Der Angesprochene habe zunächst abgestritten, den Vogel gefangen zu haben. Er wollte die Veterinärin mit den Worten abwimmeln, Falle und Vogel seien nicht mehr da. Nachdem die Veterinärin den Verdacht äußerte, der zwischendurch auf das Vereinsgelände gekommene Sohn des Vorstandsmitglieds habe bei dem Verschwinden des Vogels eine Rolle gespielt, habe der Angeklagte eine Kehrtwende vollzogen.

„Ich nehme alles auf mich“

„Ich nehme alles auf mich, ich war es“, habe er gesagt. In einem kleinen Schuppen sei die Falle gefunden worden. Der Greifvogel war bereits tot. Die Veterinärin und die hinzugezogene Polizei vermuteten, das Tier sei mit einer Schaufel, die im Schuppen stand, erschlagen worden. Tierpathologin Birte Strobel, die als Gutachterin hinzugezogen war, kam zu einem anderen Ergebnis: Das Tier war mit drei Kugeln aus einem Luftgewehr erschossen worden. Von wem, förderte die Beweisaufnahme nicht zutage.
Darauf bauten Anwalt Christian Pfeifer und Assessorin Nathalie Dittrich von der Kanzlei Reiss, Karlsruhe, ihre Verteidigung auf. Niemand könne beweisen, wer die Falle aufgestellt habe, noch könne jemand konkret sagen, wer den Vogel getötet habe. Es gelte also der Satz „Im Zweifel für den Angeklagten“ und somit sei der Mann freizusprechen.
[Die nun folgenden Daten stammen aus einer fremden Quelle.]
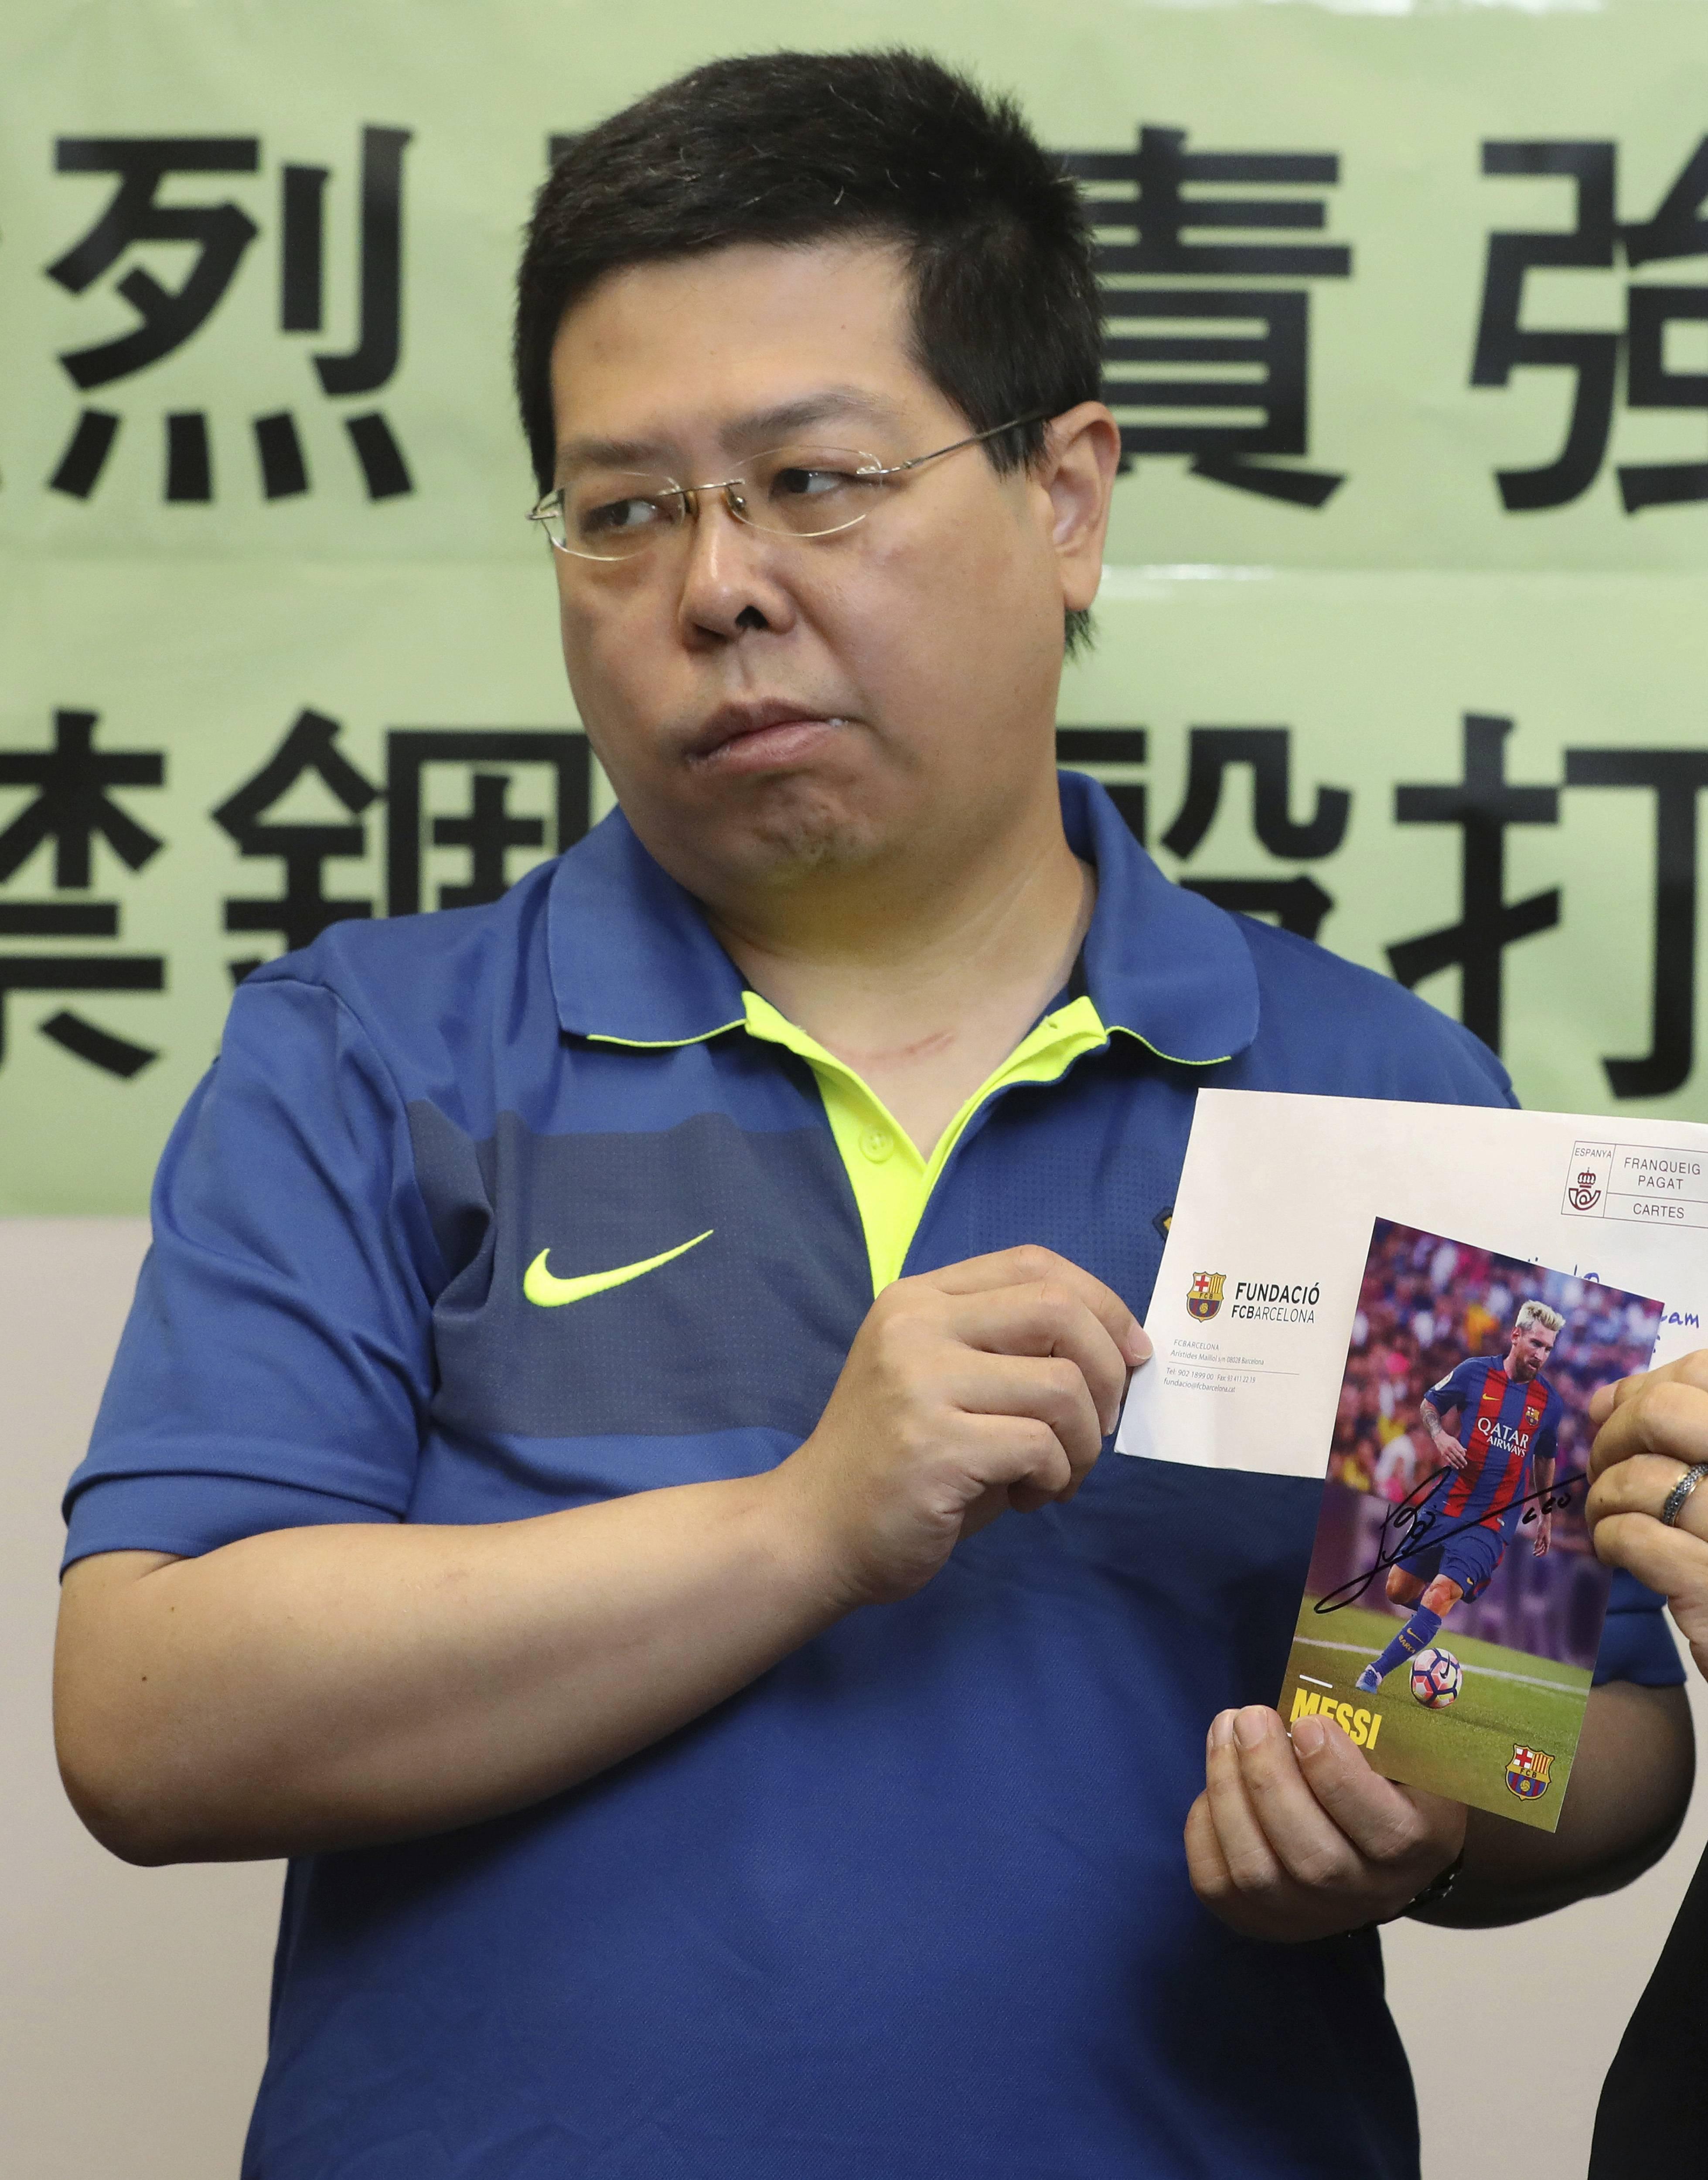 hongkongdissidentmpuer2-84750c73e29e97245422c086a641d860.jpg

Mäusebussard mit drei Luftgewehr – Kugeln getötet

Ganz anders hatte es zuvor Staatsanwältin Kirsten Goetze gesehen. Der Angeklagte habe zum maßgeblichen Zeitpunkt die Tatherrschaft über das Geschehen gehabt und habe verhindert, dass der Vogel freigelassen worden sei. Sie habe nicht den Verdacht, dass er der Schütze war. Gleichwohl sei sein Handeln kausal für den Tod des Vogels. Der Auffassung der Staatsanwältin schloss sich Jörg Schlachter an.

Angeklagter wollte Vogel nicht aus Falle lassen

Der Angeklagte habe trotz des Drängens der städtischen Arbeiter das Tier nicht befreit, womit er maßgeblich verantwortlich für den Tod des Mäusebussards gewesen sei und damit gegen das Naturschutz – Gesetz verstoßen habe. Gegen das ergangene Urteil kann Berufung vor dem Landgericht und Revision vor dem Oberlandesgericht eingelegt werden.